Corbyn is definitely not a boy from the Westminster bubble. His message is that British capitalism is not delivering for the many while the few are living high on the hog. He advocates what could be called Keynesianism on steroids to boost growth, make big corporations pay their taxes, and rebalance the economy in the hope that mobilising non-voters will obviate the need to woo Conservative voters. Other contenders have been left swinging in his slipstream. I am reminded of the line in WB Yeats classic poem, The Second Coming, that 'The best lack all conviction, while the worst are full of passionate intensity.'
A radically different foreign policy is also part of the package. Corbyn founded and chairs the Stop the War movement, which failed to stop the Iraq invasion but has become a block on further intervention.

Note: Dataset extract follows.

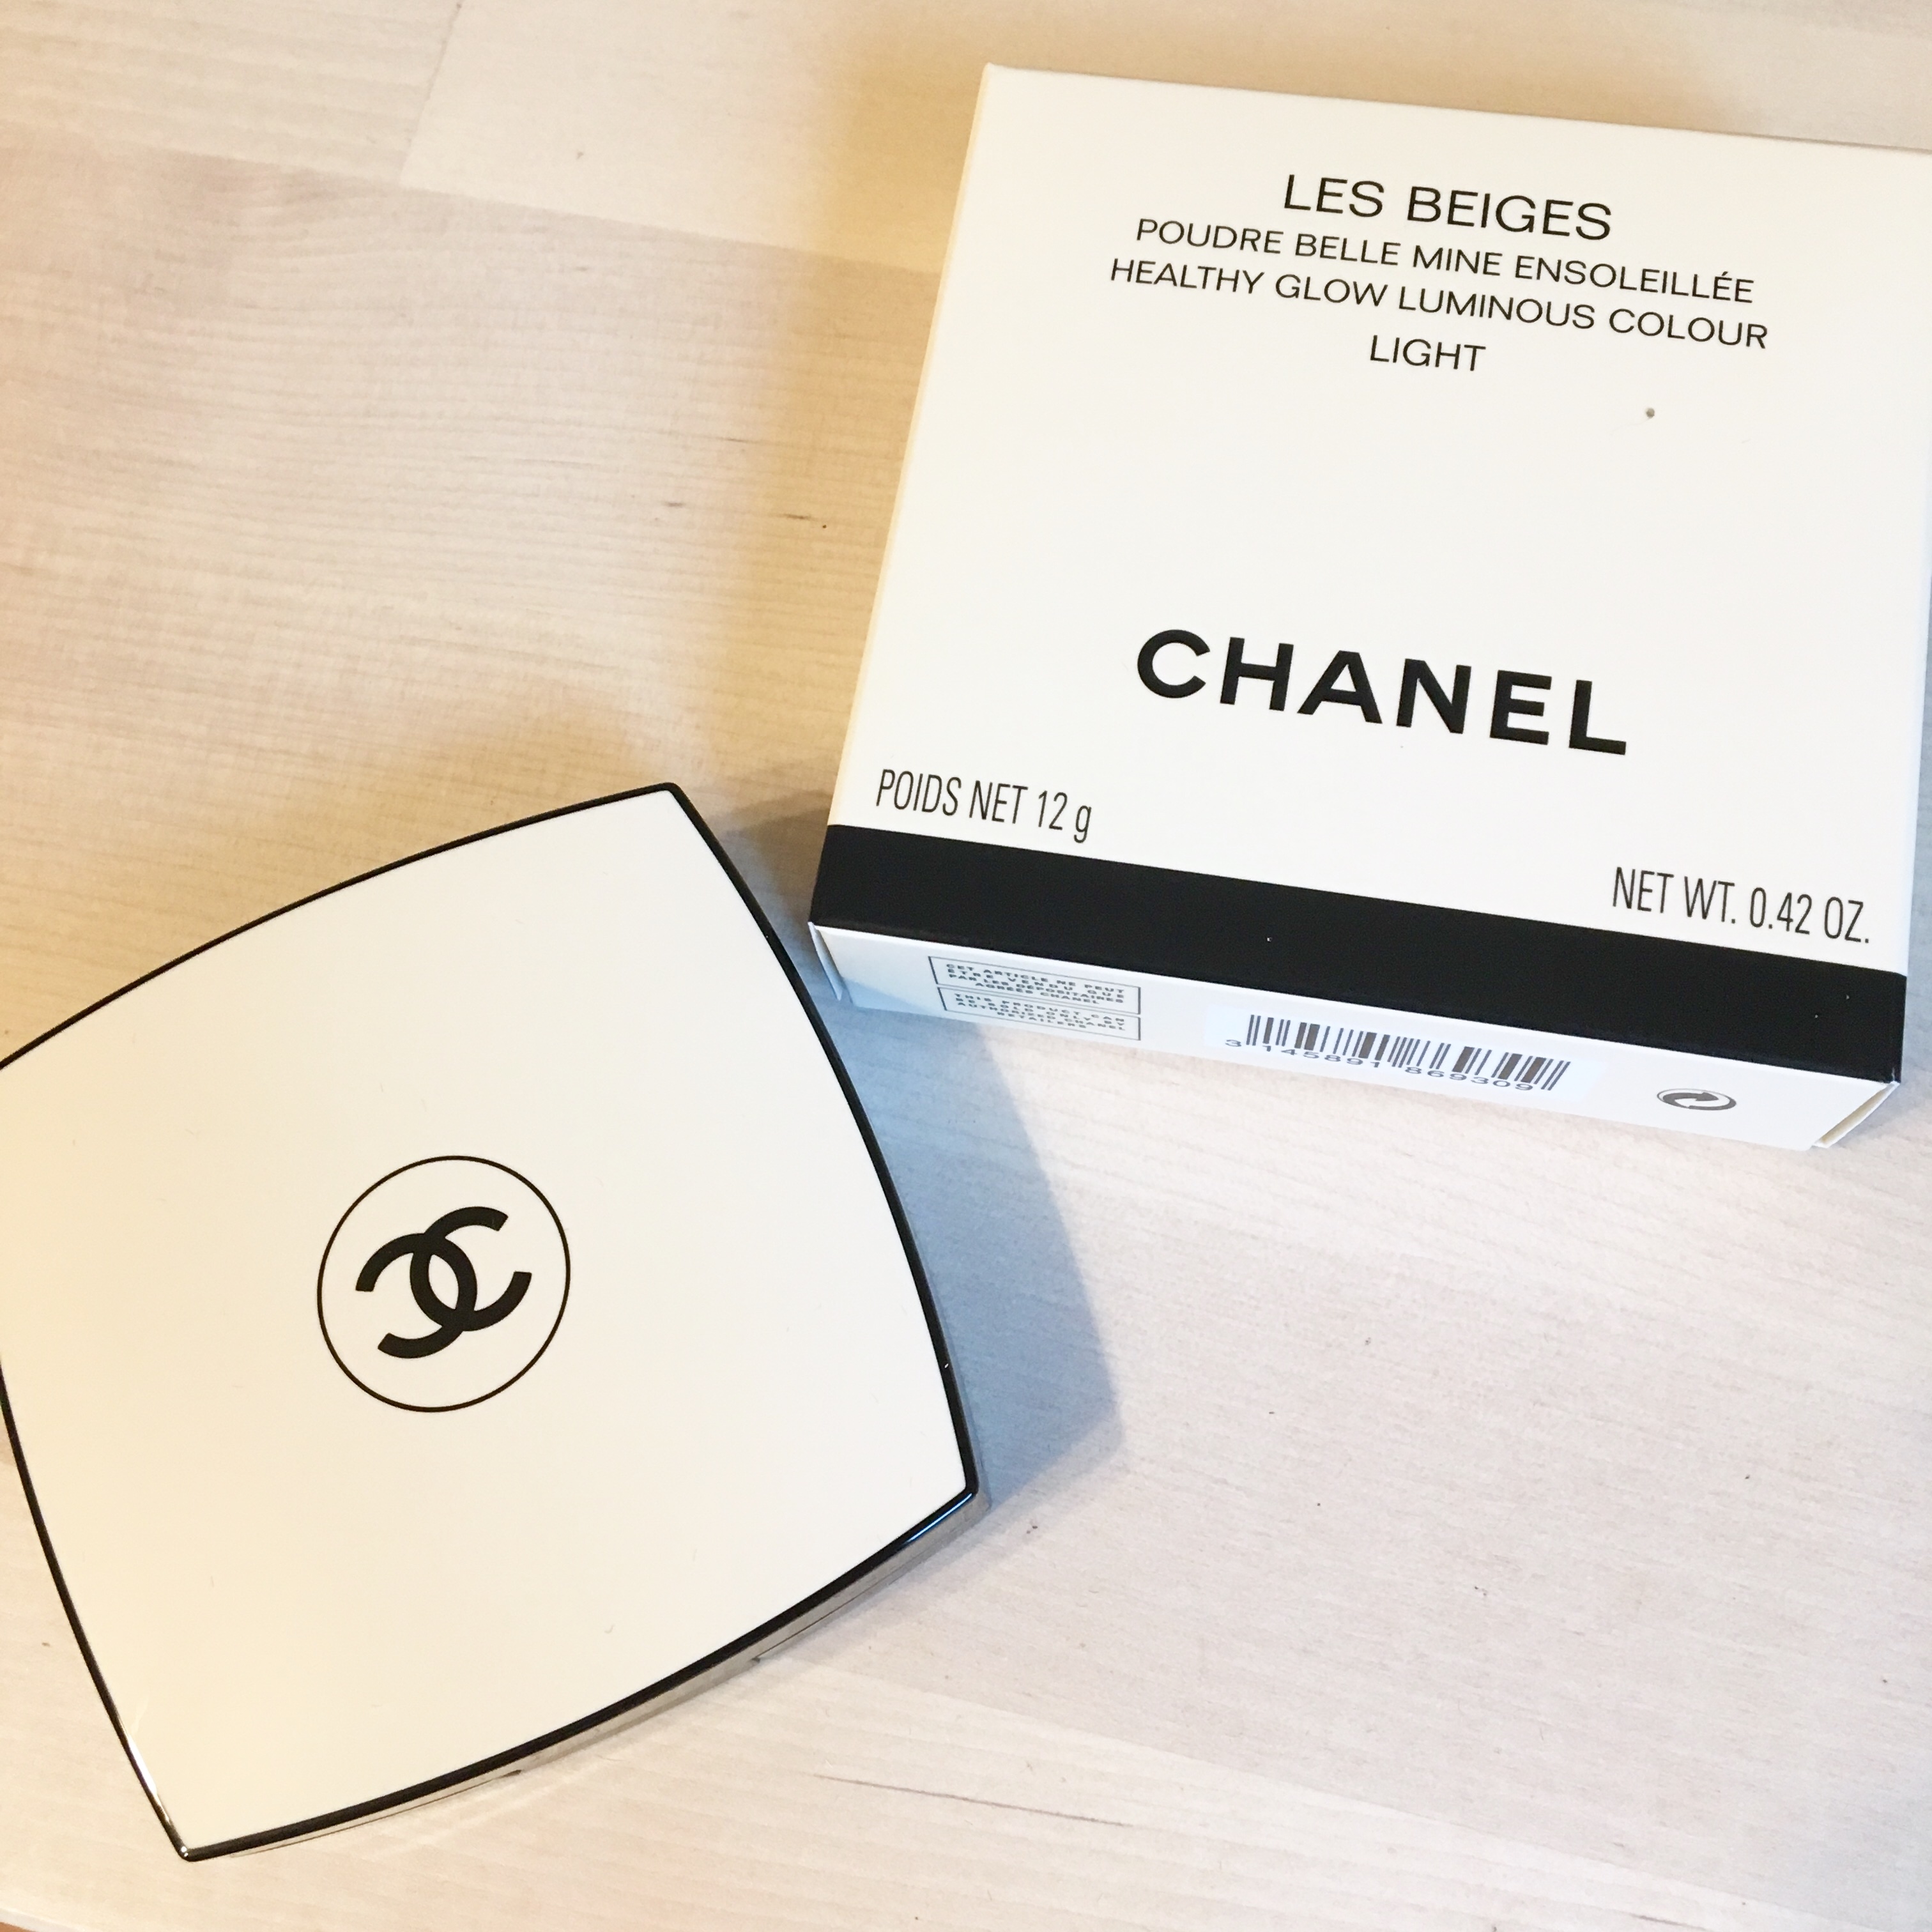 Chanel レ ベージュのプードゥル ベル ミン アンソレイエで夏の艶肌を手に入れる 小腹が空いたら覗く部屋

David Cameron's government is moving slowly to overcoming the barriers to air strikes in Syria but needs backing from the official Opposition. Corbyn opposes this because western airstrikes could boost Daesh, which should be isolated and perhaps attacked by a regional coalition. And for good measure, Corbyn is sympathetic to arraigning Tony Blair as a war criminal and says the war was illegal. Who proves that? Former UN boss, Kofi Anan. Well, that settles it (not).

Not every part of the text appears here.